Vente de jeans sur un marché de Manille, Philippines, le 5 janvier 2008. — C. RAVELO / REUTERS

Qui aurait cru dans les années 70, quand on portait des jeans déchirés pour jouer les rebelles et agacer le bourgeois, que la technique du sablage qui donne ce côté usé au pantalon provoquait des maladies respiratoires, voire la mort, aux ouvriers? Et qu’elle nécessitait des tonnes d’eau et une pollution terrible des rivières? La prise de conscience est en marche et le site masculin.com se félicite de la nouvelle ligne que vient de lancer Levi’s «Water less». Sa différence: une consommation d’eau passe de 15 litres pour 45 litres pour un jean normal. Heureusement, d’autres marques comme Nudie Jeans, ou APC sont pionniers dans ce mouvement, comme nous vous l’avons expliqué dans NEOPLANETE (…). Bientôt, nous siffloterons sans souci ni culpabilité dans nos blue jeans et nos blousons de cuir…
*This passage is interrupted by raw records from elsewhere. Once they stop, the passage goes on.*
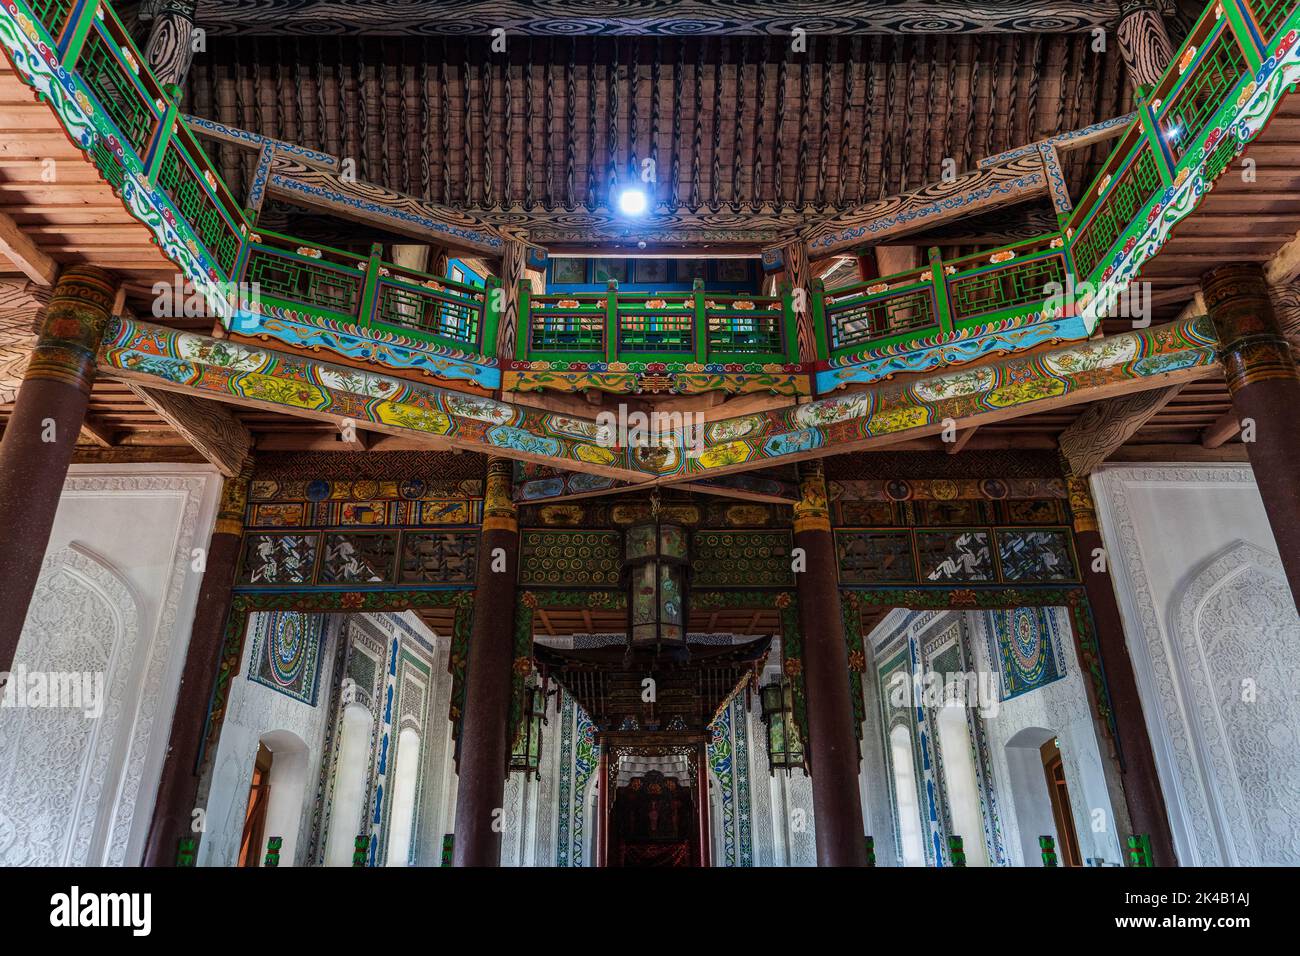 Colourful interior timber hall and structure of Chinese Dungan Uyghur Mosque in Zharkent, Kazakhstan Stock Photo
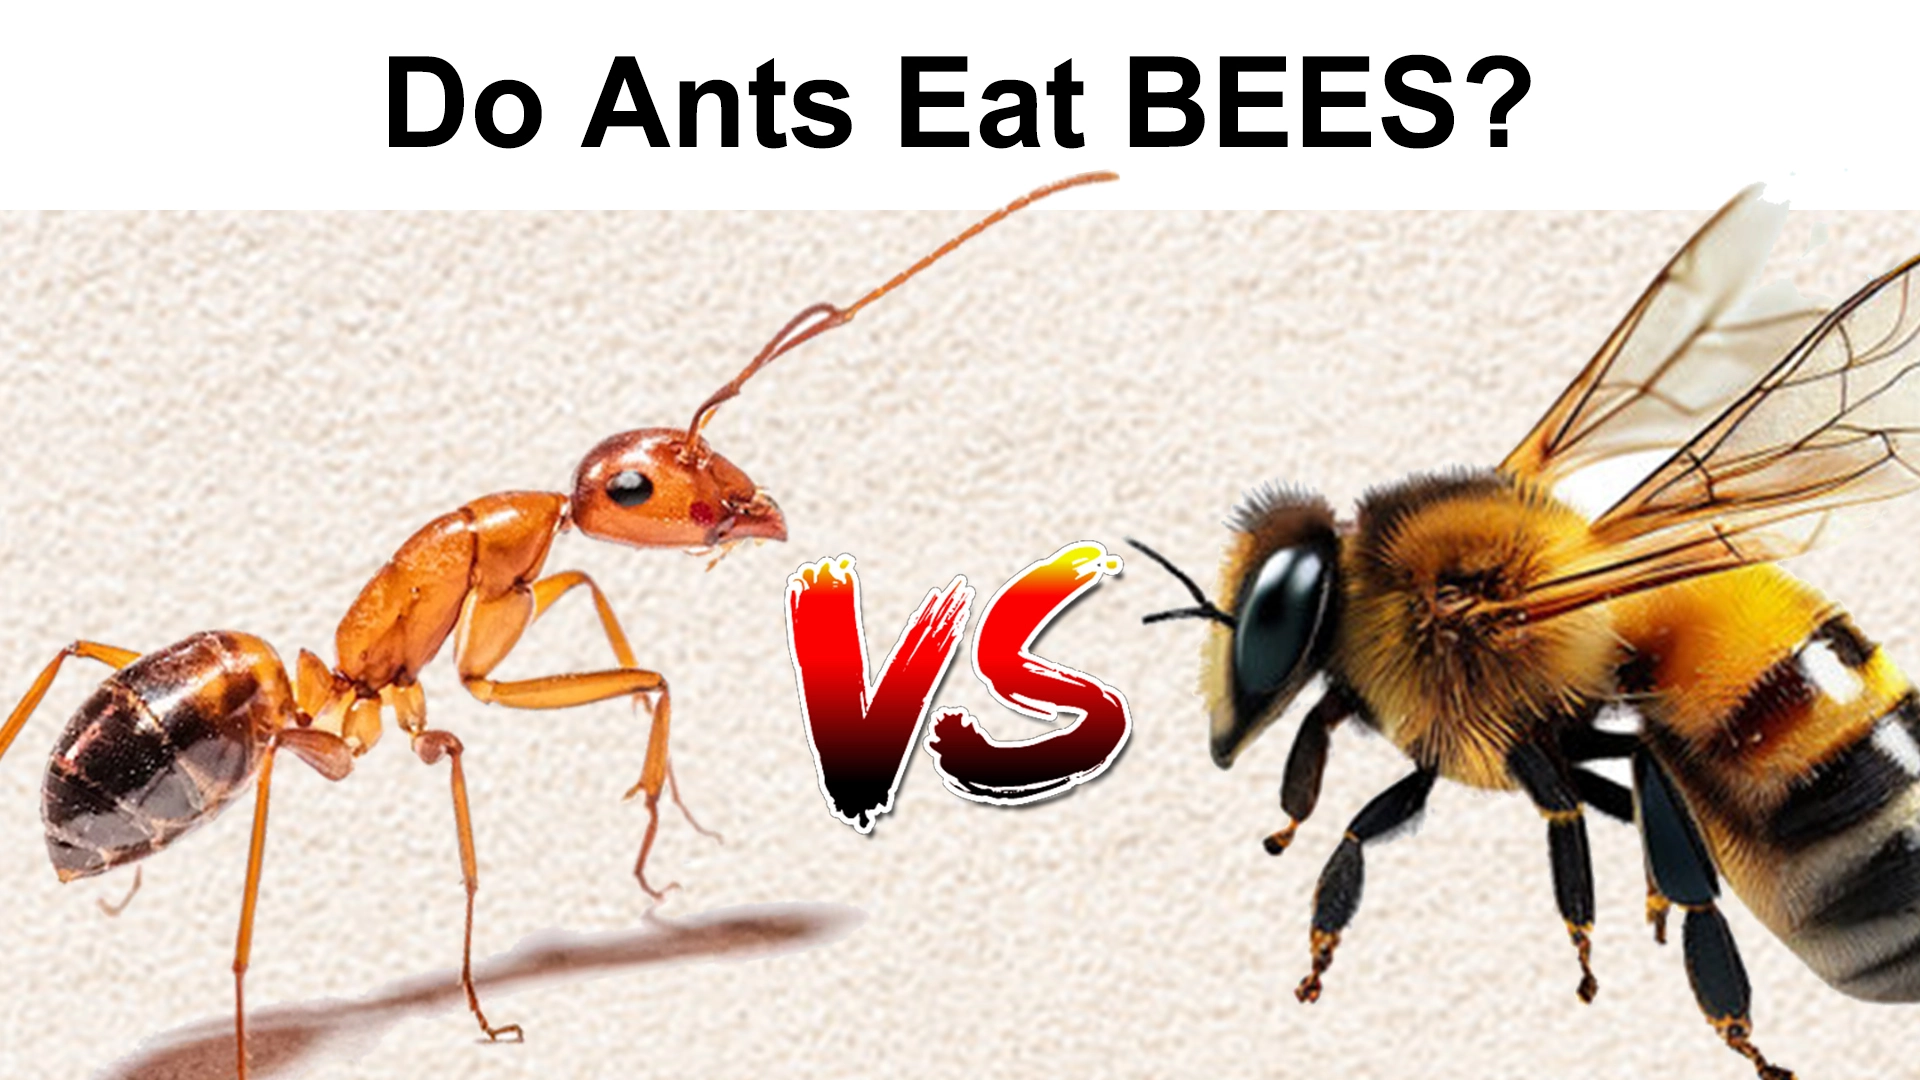 Do Ants Eat Bees?
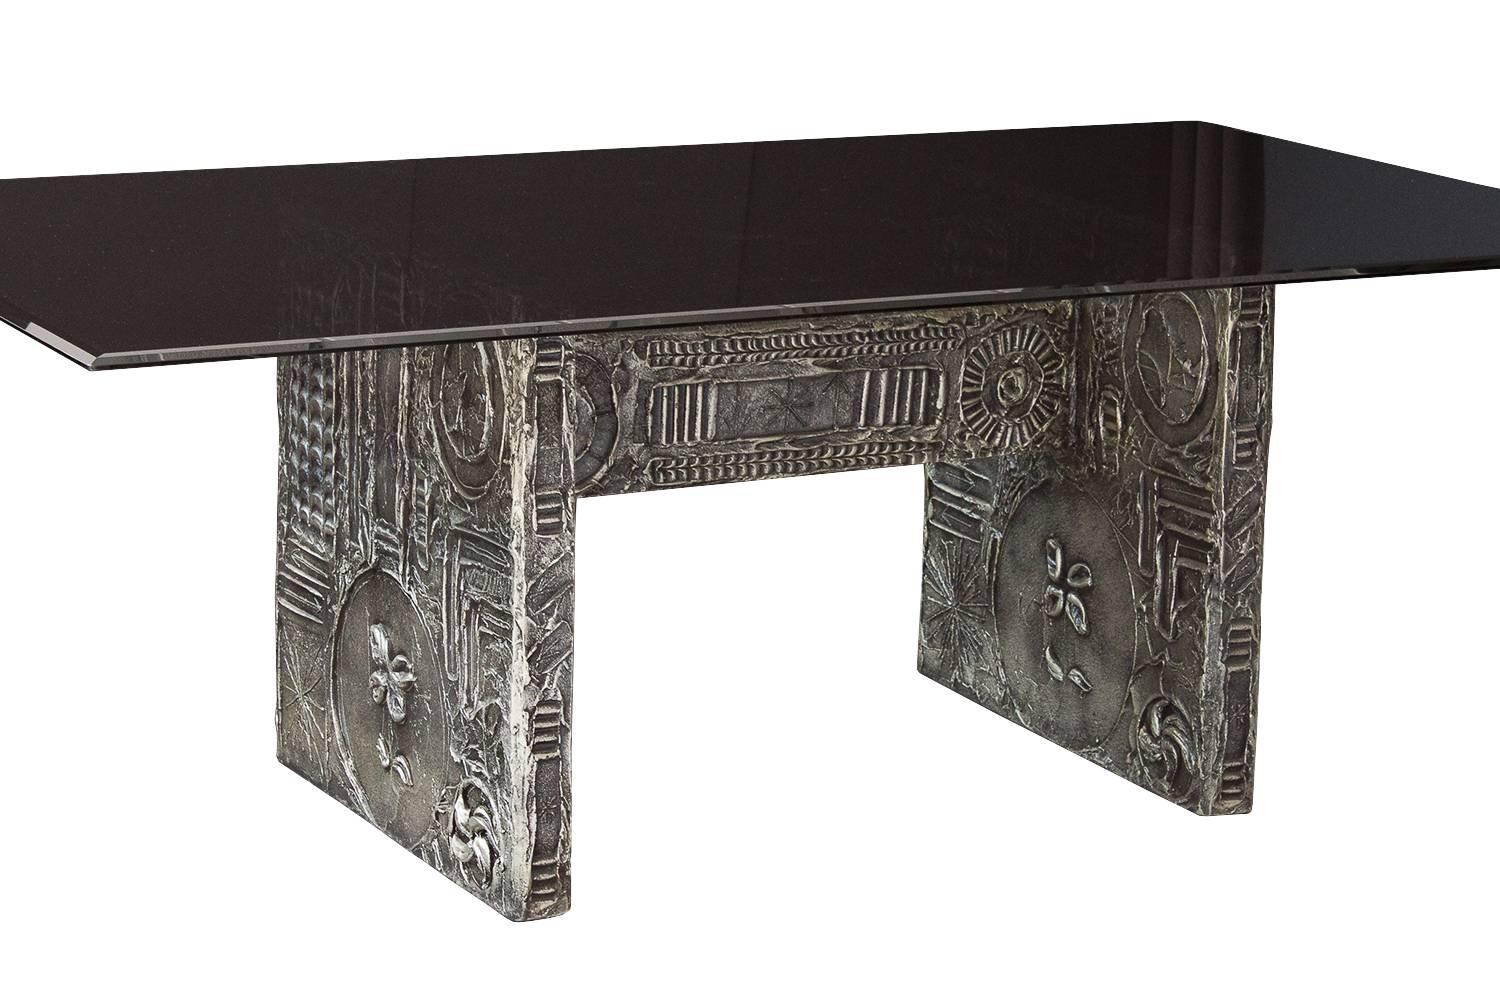 Paying homage to 'Paul Evans' sculpted bronze series, this Brutalist dining table/ desk by Adrian Pearsall features abstract motifs in a sculpted resin. The trestle base is decorated in a high relief sculptural warm silver and black resin. Double
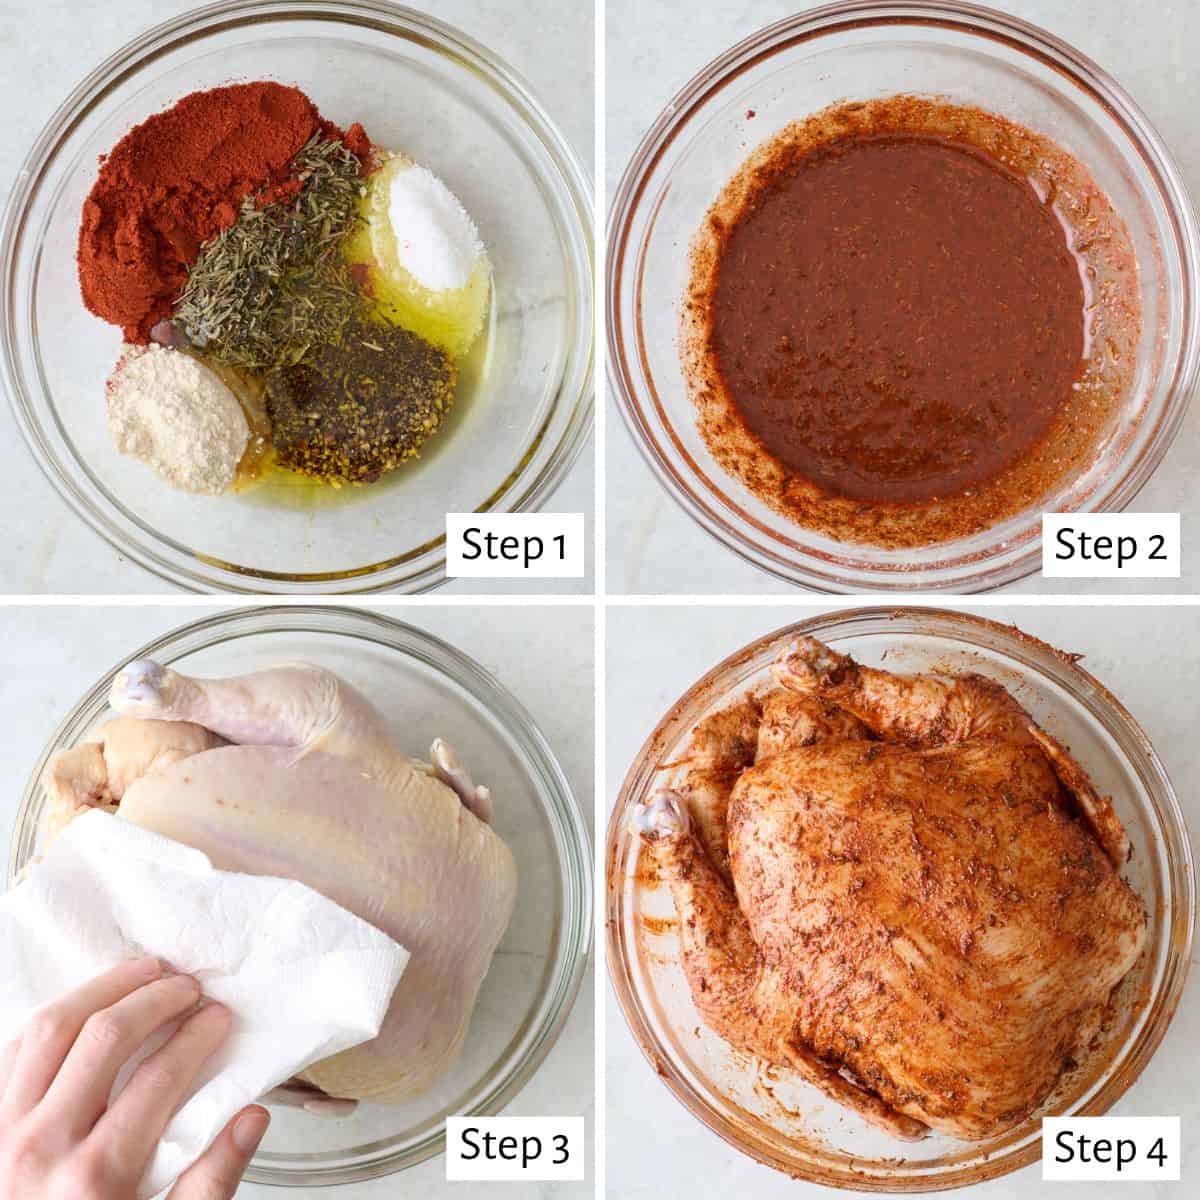 4-image collage seasoning chicken: 1 - Oil and spices in a bowl before combining; 2 - After combining; 3 - Drying chicken with paper towels; 4 - Chicken after being coated with seasoned oil.
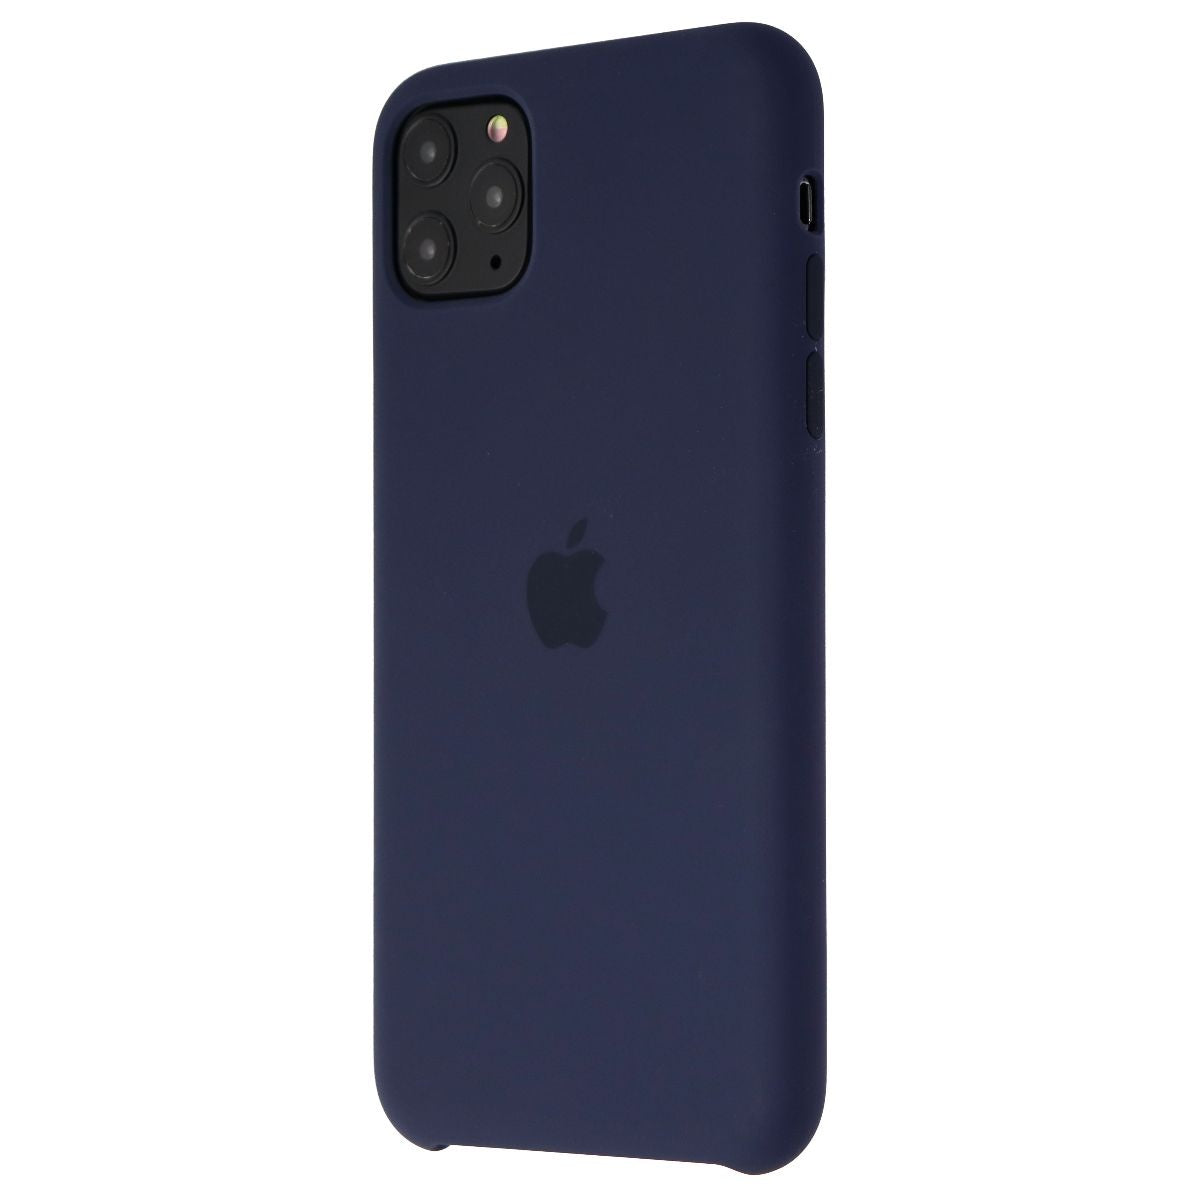 Apple Silicone Protective Case for iPhone 11 Pro Max - Midnight Blue
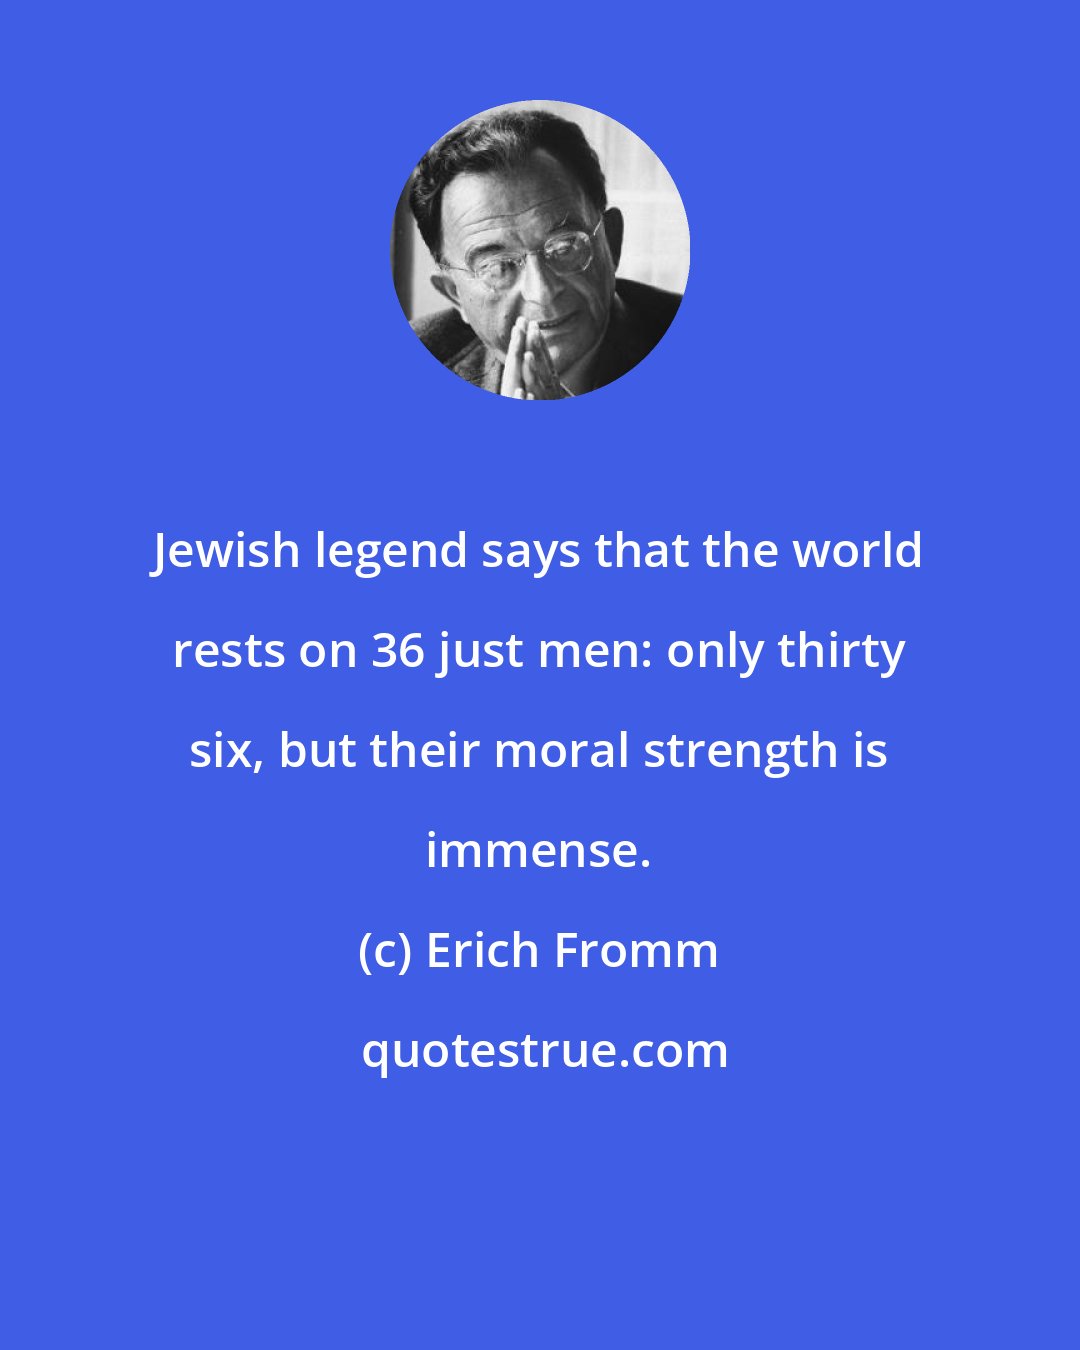 Erich Fromm: Jewish legend says that the world rests on 36 just men: only thirty six, but their moral strength is immense.

Cette nature qui nous offre tant d’eau pour un jean a un prix! Cela fait des années que les écolos réclament que l’on donne une valeur financière à tous ces services que les animaux ou les végétaux nous rendent. Déjà, la revue scientifique Nature avait fait sensation en 1997 en publiant une étude estimant que l’ensemble de la biodiversité valait entre 16 000 et 54 milliards de dollars, à comparer avec le PNB mondial de l’époque de 18 000 milliards. Le gouvernement britannique remet l’idée au goût du jour, nous explique le Figaro, avec un rapport de 7000 pages qu’il a commandé à 700 scientifiques. Le résultat: une série d’estimations. Par exemple les pollinisateurs et autres abeilles anglaises valent 482 millions d’euros et le gibier tué par les chasseurs 640 millions. L’idée? Arrêter d’exploiter sans vergogne la nature, d’urbaniser à tout va, d’abattre les forêts et de massacrer ces animaux qui nous rendent tant de services et nos donnent tellement de tendresse.

On en est persuadé à la prison de Strasbourg où la zoothérapeute, Patricia Arnoux et la directrice, Bénédicte Brunelle tentent une expérience inaugurée au Québec il y a 15 ans: confier à des prisonniers des animaux abandonnés ou maltraités. Etonnant, nous raconte Paris Match: des durs tatoués et percés, accusés de viols et de meurtres, se transforment en agneaux pour soigner leur cochon d’Inde, leur tourterelle ou leur chien. Souvenirs d’enfance, impression de servir à quelque chose, apaisement psychique, identification à un animal malheureux… les raisons de cet enthousiasme sont nombreuses. Les prisonniers cajolent leurs bêtes, se calment, en parlent entre eux, deviennent plus complices avec les gardiens qui, eux aussi, sont émus par ces boules de poils. D’autres expériences se tentent à Rennes, à Poissy, aux Etats-Unis avec des chiens ou des chevaux… pour que humains et animaux blessés puissent se réconforter mutuellement. Et peut-être un jour faire la fête?